Authorities have had some limited success in cracking down on unregulated financial advice. Rarely have financial regulators received so much press than when celebrity Kim Kardashian was handed a $1.26 million fine by the U.S. Securities and Exchange Commission in 2022, after telling her 250 million Instagram followers to invest in a risky cryptocurrency without disclosing she was paid $250,000 to do so.

This side of the pond, the FCA has already charged seven reality TV stars, including some from shows The Only Way is Essex and Love Island, for illegally promoting financial products. In October, it interviewed 20 finfluencers under caution. In June the watchdog announced it had made three arrests and authorized criminal proceedings against three individuals, and issued 50 warning alerts and seven cease and desist letters.

But amid an endless stream of financial content, the regulator acknowledges it will struggle unless Big Tech starts to take a firmer stance. 

“We only have voluntary powers, we don’t have the power to make [Big Tech take down content],” Harris says. “We do really rely on the Big Tech firms working well with us.”

Part of what makes the problem so tricky for regulators to solve is that many finfluencers are based around the world and difficult to trace. “The first problem you’ve always got, in a world where so much of this is enabled by the internet, is jurisdiction,” said Jonathan Frost, a director at BioWatch, and formerly of the City of London Police, who specializes in fraud. 

“The platforms themselves should be policing this issue. Arguably, they’re in the privileged position of having the data to do so. And really, enforcement should be a last resort,” he added. 

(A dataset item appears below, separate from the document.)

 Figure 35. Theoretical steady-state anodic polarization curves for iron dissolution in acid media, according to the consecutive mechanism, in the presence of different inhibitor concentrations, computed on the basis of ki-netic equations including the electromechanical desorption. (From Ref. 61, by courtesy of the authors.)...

But even when Big Tech responds to takedown requests, the content can simply appear again if social media firms are not actively policing what goes on their platforms. Harris said the FCA found that 55 percent of the adverts Meta had taken down after a request by the watchdog popped up again, with either identical or almost identical content.

A Meta spokesperson said: “There was an isolated incident in late 2024 which resulted in a delay in actioning a small number of reports from the FCA. This was rectified and all other relevant reports made by the FCA have been promptly processed.”

Internationally, the global securities watchdog IOSCO has recommended regulators take actions including: Fines, revoking licenses, issuing cease-and-desist orders, and publicizing enforcement actions to deter non-compliance. But the standard-setter has no direct legal powers and relies on national policymakers to put in place relevant laws and coordinate.

Some public bodies appear to be taking the “if you can’t beat ‘em, join ‘em” mentality. Bank of England Governor Andrew Bailey now gives interviews to TikTok finance personalities in an effort to reach Gen-Z individuals, most recently speaking to a group of social media influencers after the central bank’s interest rate decision on May 8.

For those in the traditional financial services space, it highlights a wider problem of a financial advice gap. If people don’t know where to turn to for financial advice, they’re more likely to sit up when it appears directly in front of them on their screens.

The FCA published new rules in June which redefine the “advice guidance boundary,” and are designed to allow financial services firms to offer more advice to groups of savers. This is welcome news for customers “desperate for advice,” Jayne Opperman, CEO consumer relationships at Lloyds Banking Group, told a UK Finance conference in London on June 24.

“Customers do want advice. They do want guidance. We know that a lot of our customers turn to social media and influencers who are motivated to get them to invest in dubious products and services, and then we have to deal with the consequences of that and try and help them get out of it,” she said.